# New Logo What do ya'll think??



## Breeze Fabricators (Oct 2, 2007)

Alan Wolford took our idea and drew this!!!


----------



## Mac1528 (Mar 24, 2012)

Looks pretty good! New name also?


----------



## Breeze Fabricators (Oct 2, 2007)

*New Name*

Yep, I am trying to slow down a bit and this is my two sons David and Daniel's Company. I am just a "spare part" as needed!


----------



## Flounder Hounder (Nov 9, 2008)

Looks good!


----------



## Illinijeff (Mar 28, 2011)

This is Jeff, Matt's old neighbor. We're stationed in South Carolina now. Tell the boys I said what's up!


----------



## Snatch it (Feb 17, 2009)

Pretty cool.. But i thought the welding cable comes out the the bottom of the heliarc(Tig) Rig?? They have it coming out of where the tungtsen goes. I may be wrong.. just a observation looks good though :thumbup:


----------



## pompano67 (Oct 28, 2013)

Breeze Fabricators said:


> Yep, I am trying to slow down a bit and this is my two sons David and Daniel's Company. I am just a "spare part" as needed!


 
Best of luck on slowing down brother. You sure left em some big shoes to fill.:yes:. But they can hold their own..wishing ya'll continued success:thumbsup:


----------



## Snagged Line (Sep 30, 2007)

Snatch it said:


> Pretty cool.. But i thought the welding cable comes out the the bottom of the heliarc(Tig) Rig?? They have it coming out of where the tungtsen goes. I may be wrong.. just a observation looks good though :thumbup:


 
Now you have me Doubting if the Fish is even holding the dang thing... I say Photoshop...........................................lol

Good looking Logo...


----------



## Breeze Fabricators (Oct 2, 2007)

*Got the cable changed*









Alan revised it for us. Now....What do ya'll think!!!


----------



## jspooney (Oct 2, 2007)

I like it.


----------



## Snagged Line (Sep 30, 2007)

I still say Photoshop......That fish ain't holding that thing...


----------



## Mac1528 (Mar 24, 2012)

Snagged Line said:


> I still say Photoshop......That fish ain't holding that thing...

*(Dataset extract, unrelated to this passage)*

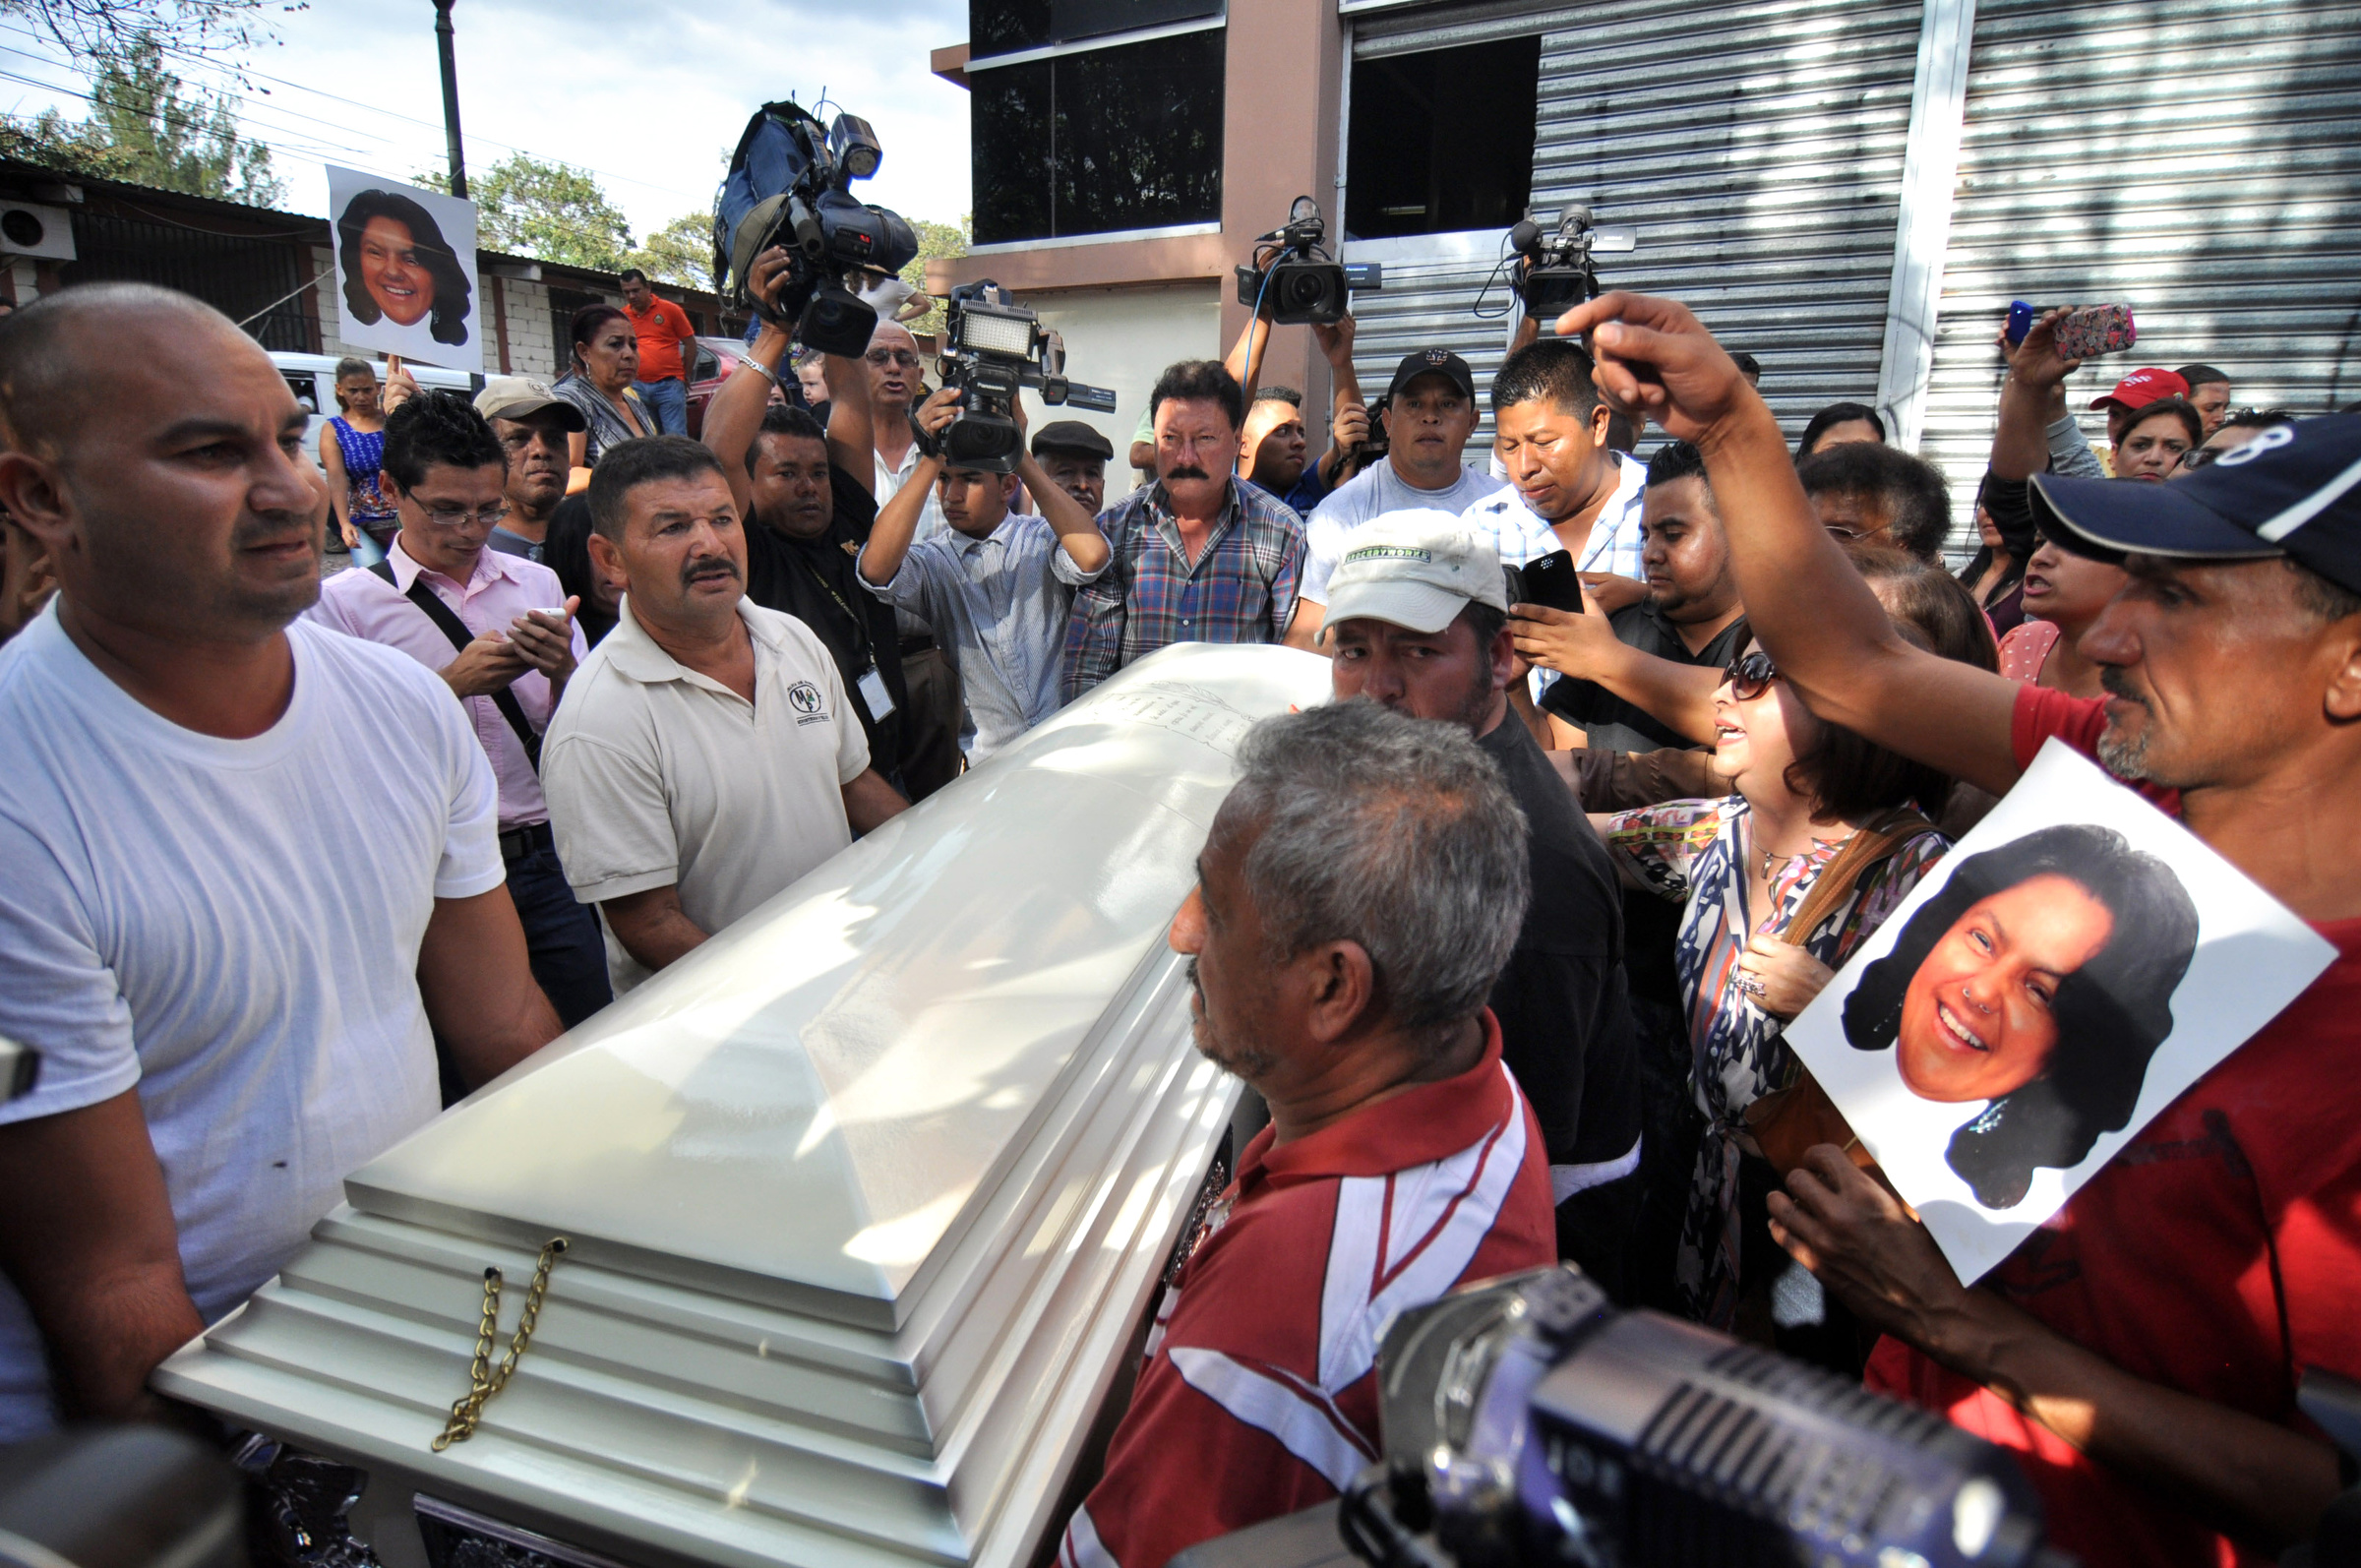 People carry the coffin of indigenous leader and environmental activist Berta Caceres after a five-hour autopsy at the Forensic Medicine Center in Tegucigalpa, Honduras, March 3. (CNS/EPA/Stringer)

When have you ever seen a fish hold anything outside of his mouth? That logo looks good....and he's holding his own!!


----------



## knot @ Work (Apr 18, 2012)

Way Kool.

Good luck in your business........


----------



## aquaholic (Oct 31, 2007)

Where is your shop?:001_huh:


----------



## Fish-n-Fur (Apr 2, 2009)

aquaholic said:


> Where is your shop?:001_huh:


try the ph # on the logo arty:arty:arty:


----------



## aquaholic (Oct 31, 2007)

Left message 3 days ago..no response:thumbdown:


----------



## Breeze Fabricators (Oct 2, 2007)

Call me at 850 554 6172. We are at Pelicans Perch opposite Harborview and across the bayou from Daybreak.







Some recent work!!


----------



## kiefersdad (Apr 26, 2013)

*That's my Shenanigans !*

I don't have to put up the bimini anymore and I don't have to take it down or drive slow while it's in use. My pretty little bald head doesn't need to be afraid anymore. My wife even said she wants to go out on the first trip with it up. I can't wait to use it and not bang into the multiple skinny little poles that held up the old one. Thanks again guys and my kids love it too. I can't wait. You should've got a side shot and made the kids real happy. thanks again, Mike


----------



## Breeze Fabricators (Oct 2, 2007)

*Here ya go*


----------



## jjam (Dec 9, 2007)

crick in the neck









Jimmy


----------



## Breeze Fabricators (Oct 2, 2007)

Thnxs Jimmy!! Not real good with this phone.


----------